### [Task objective]
After locating the line that contains "Sedia Con Braccioli Igloo Tecnopolimero - v6" in the data below, set down exactly that line and each one after it through the line that contains "Microblading Eyebrows Near", and nothing more.

### [Data under study]
Segment Open
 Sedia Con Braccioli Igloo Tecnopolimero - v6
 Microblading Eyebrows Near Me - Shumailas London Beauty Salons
Segment Closed
Segment Open
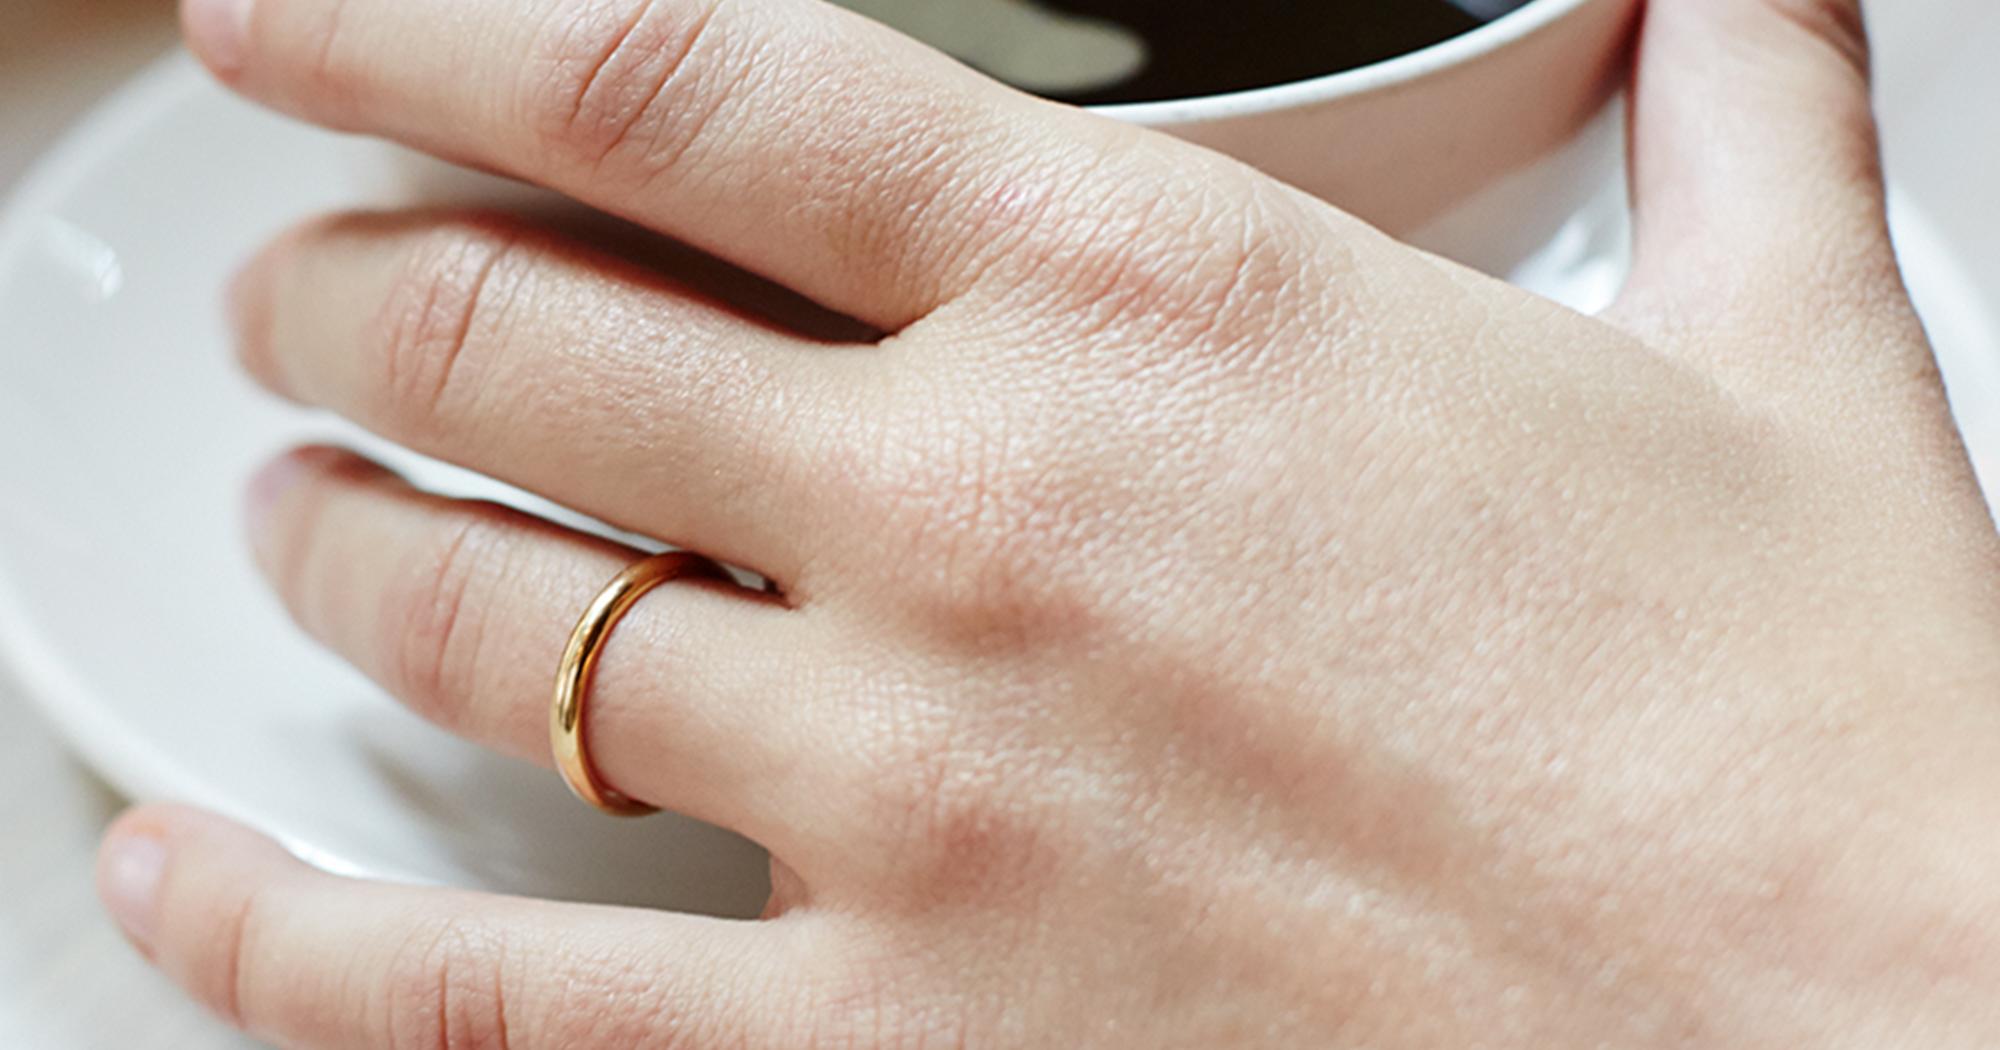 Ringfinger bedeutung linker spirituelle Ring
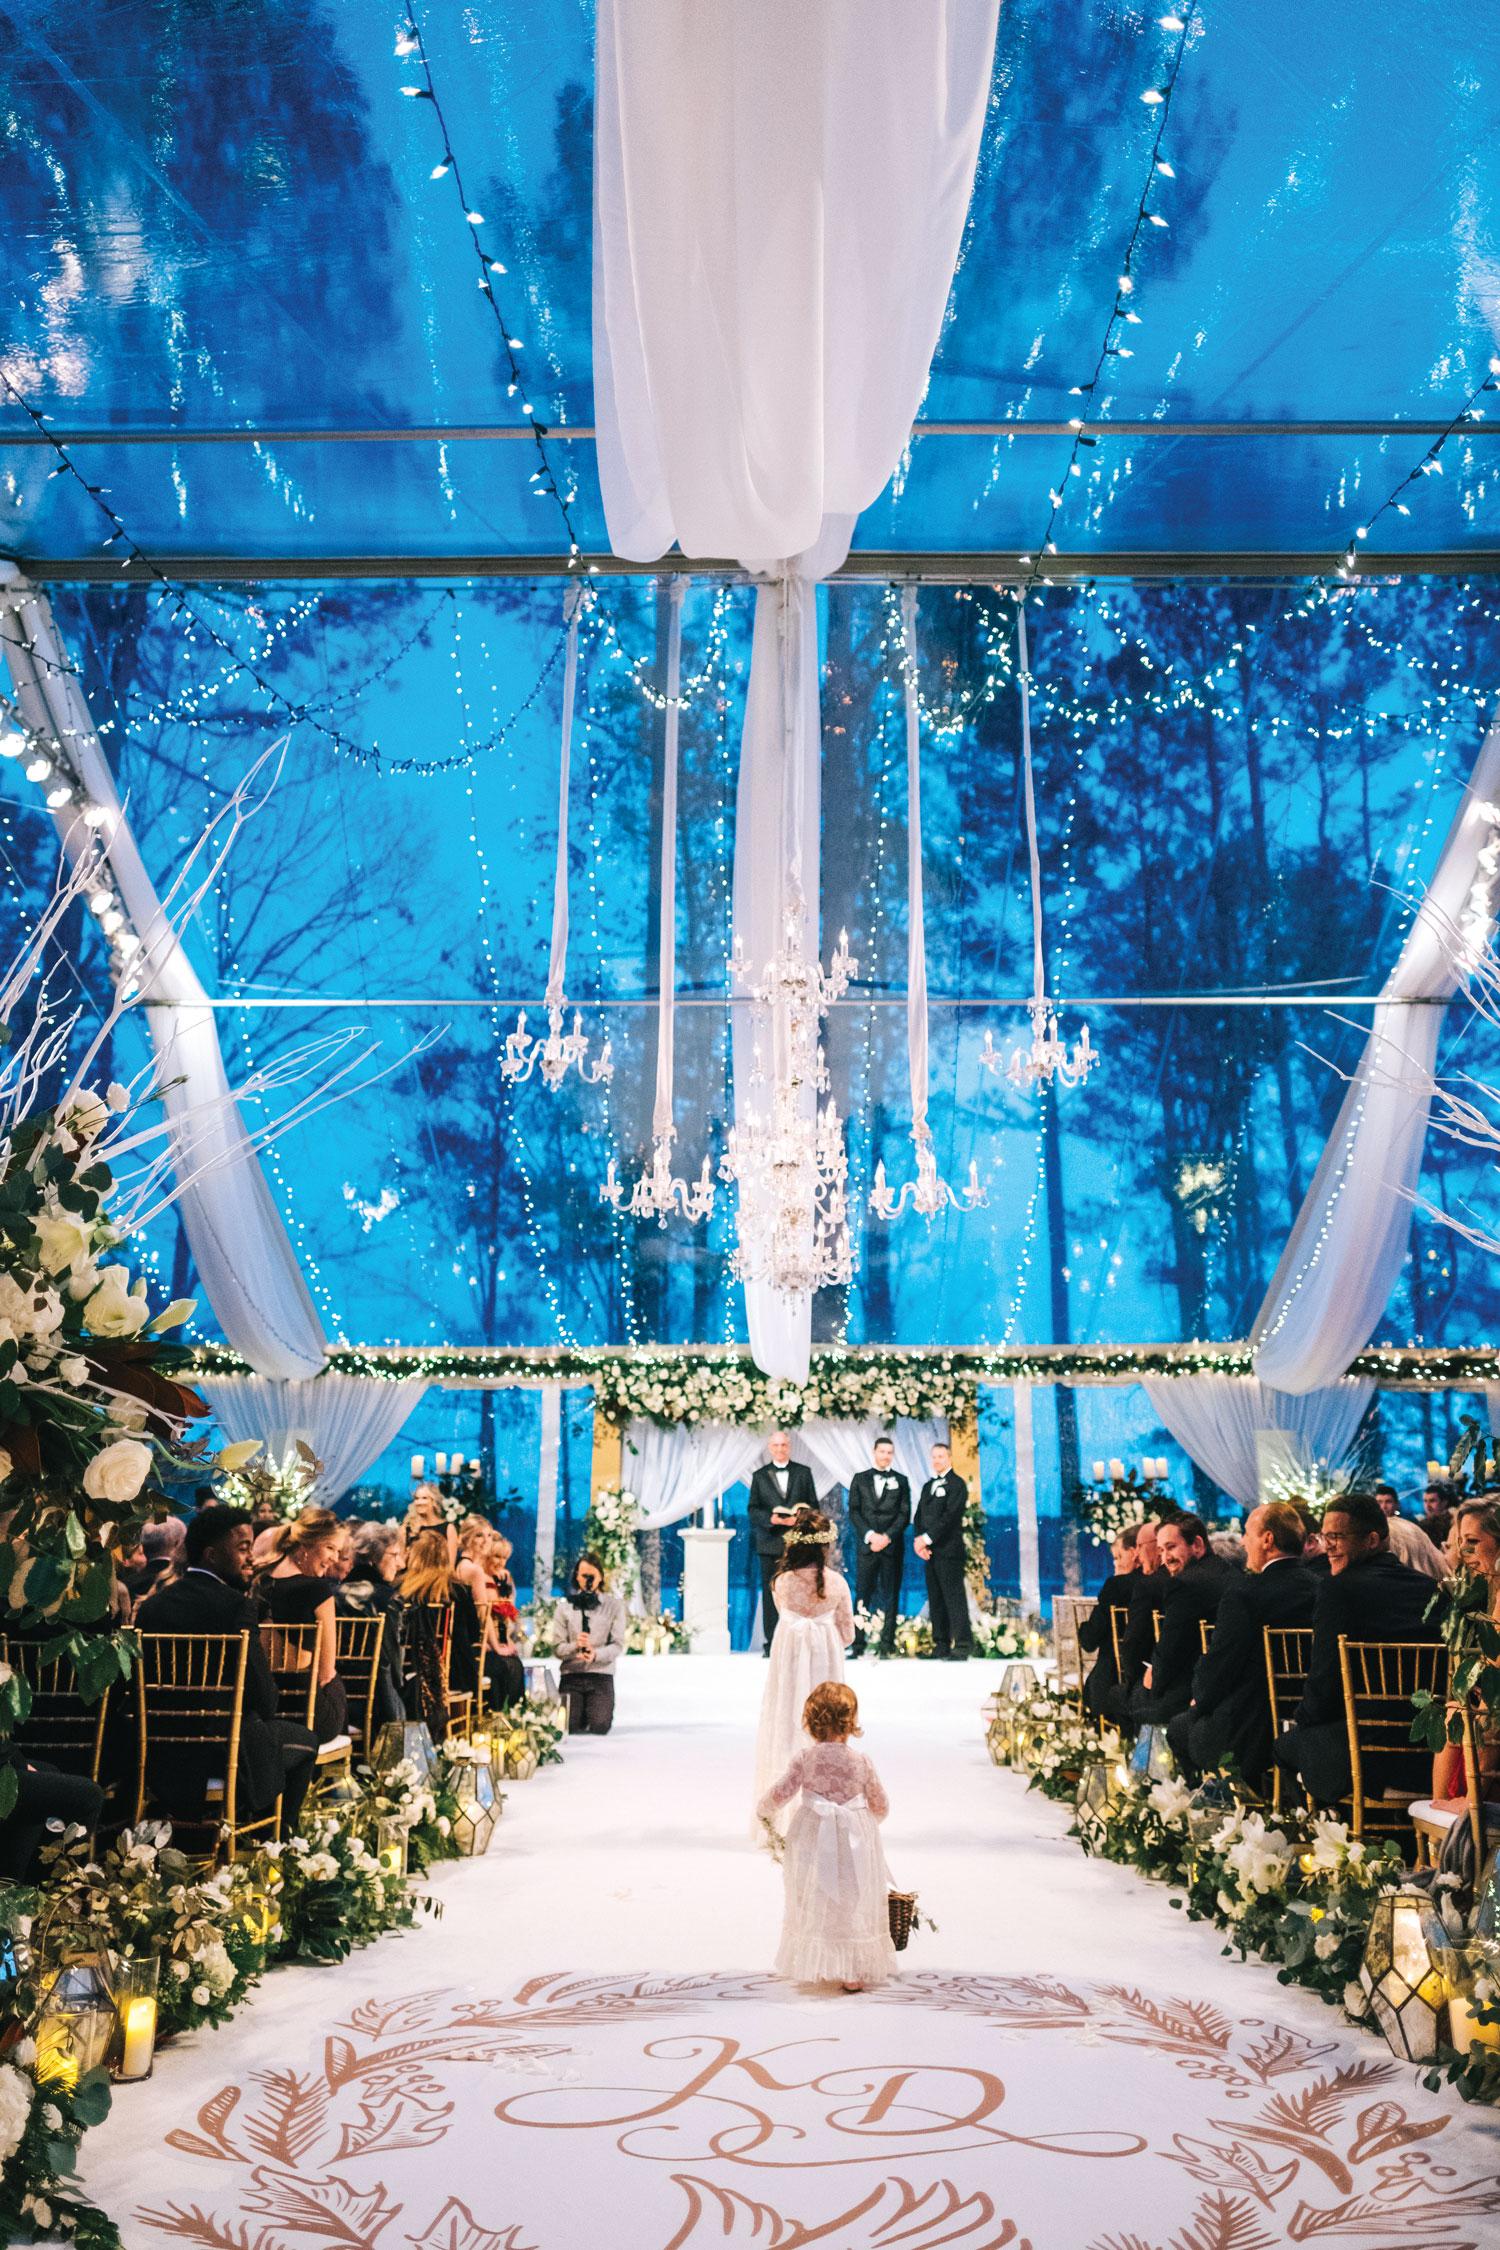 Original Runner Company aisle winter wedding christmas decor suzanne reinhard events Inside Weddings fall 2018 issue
Segment Closed
### [Task result]
 Sedia Con Braccioli Igloo Tecnopolimero - v6
 Microblading Eyebrows Near Me - Shumailas London Beauty Salons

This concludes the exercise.